→ SOURCE DATA:

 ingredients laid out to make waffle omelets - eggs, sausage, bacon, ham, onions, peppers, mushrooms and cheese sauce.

==

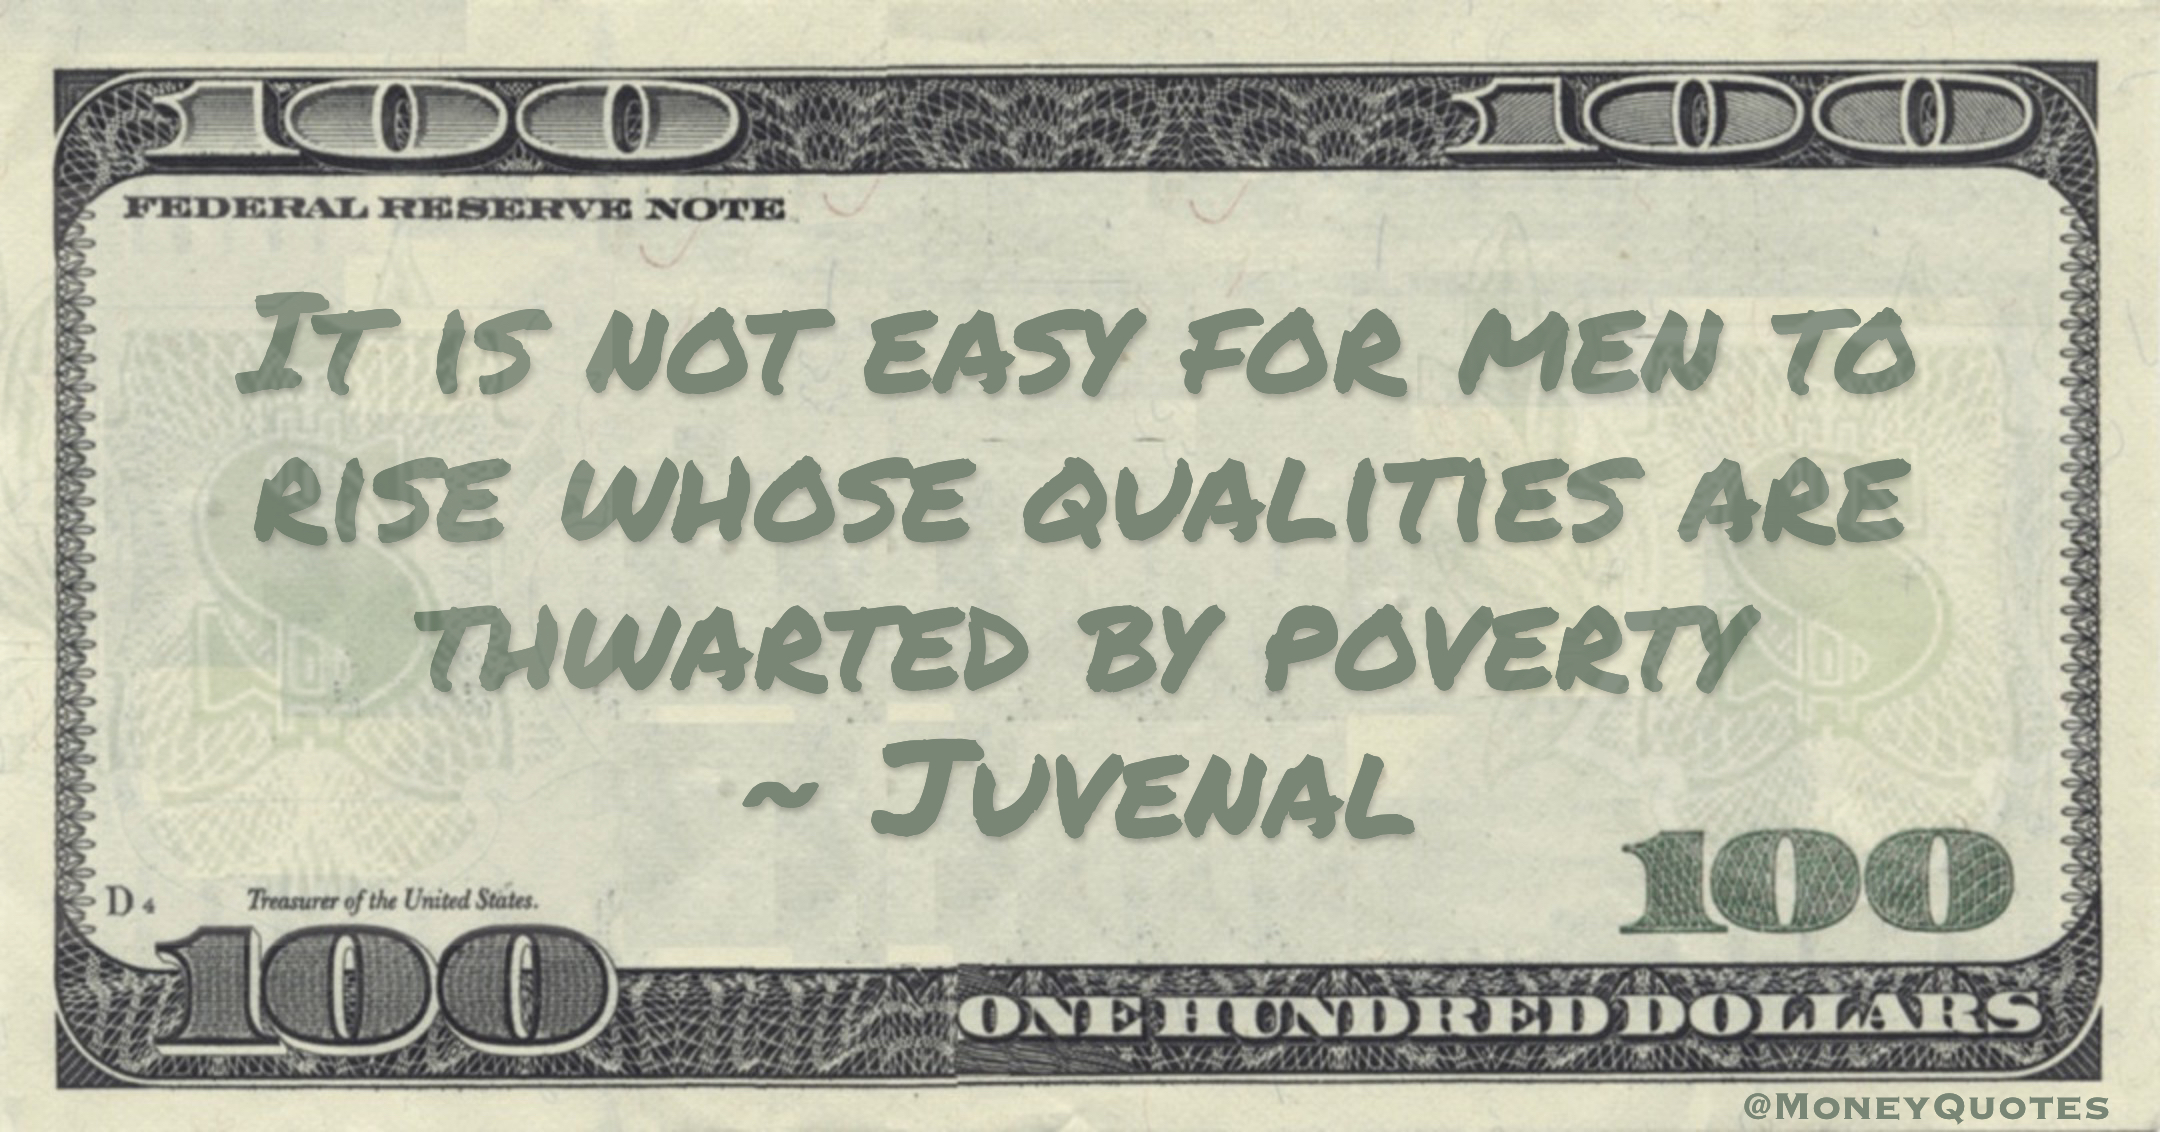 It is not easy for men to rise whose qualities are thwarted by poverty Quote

---

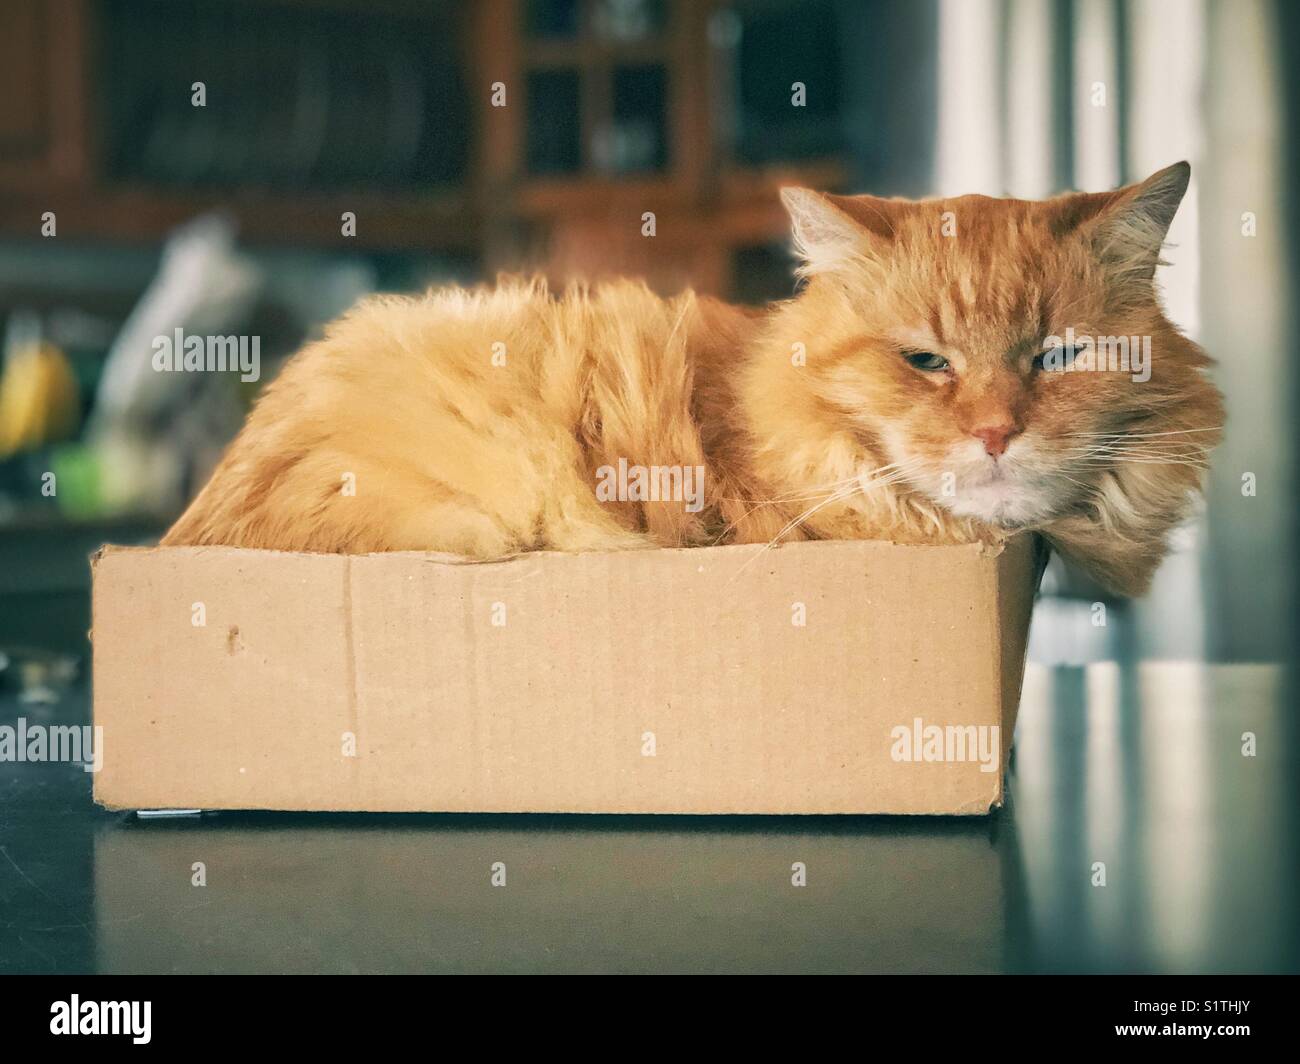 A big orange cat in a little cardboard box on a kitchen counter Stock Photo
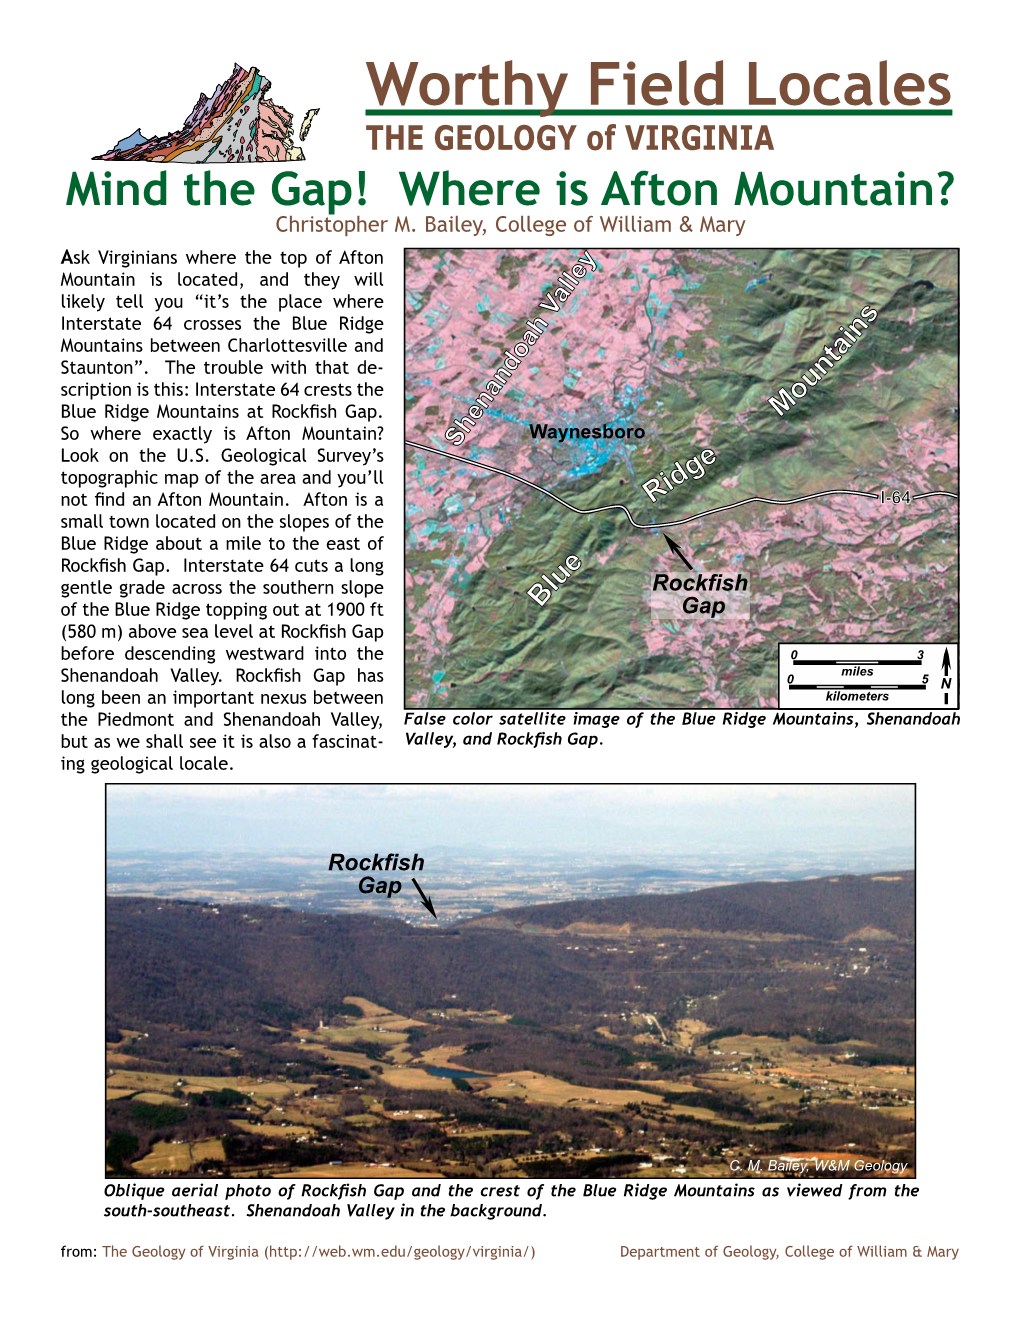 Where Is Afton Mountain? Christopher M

→ HOW TO COMPLETE THIS TASK: Print the part of the listing above that opens with the line containing "A big orange" and closes with the line containing "Where Is Afton Mountain? Christopher M". Copy it exactly, both ends included, and omit the pictures.

→ ANSWER SPACE:
 A big orange cat in a little cardboard box on a kitchen counter Stock Photo
 Where Is Afton Mountain? Christopher M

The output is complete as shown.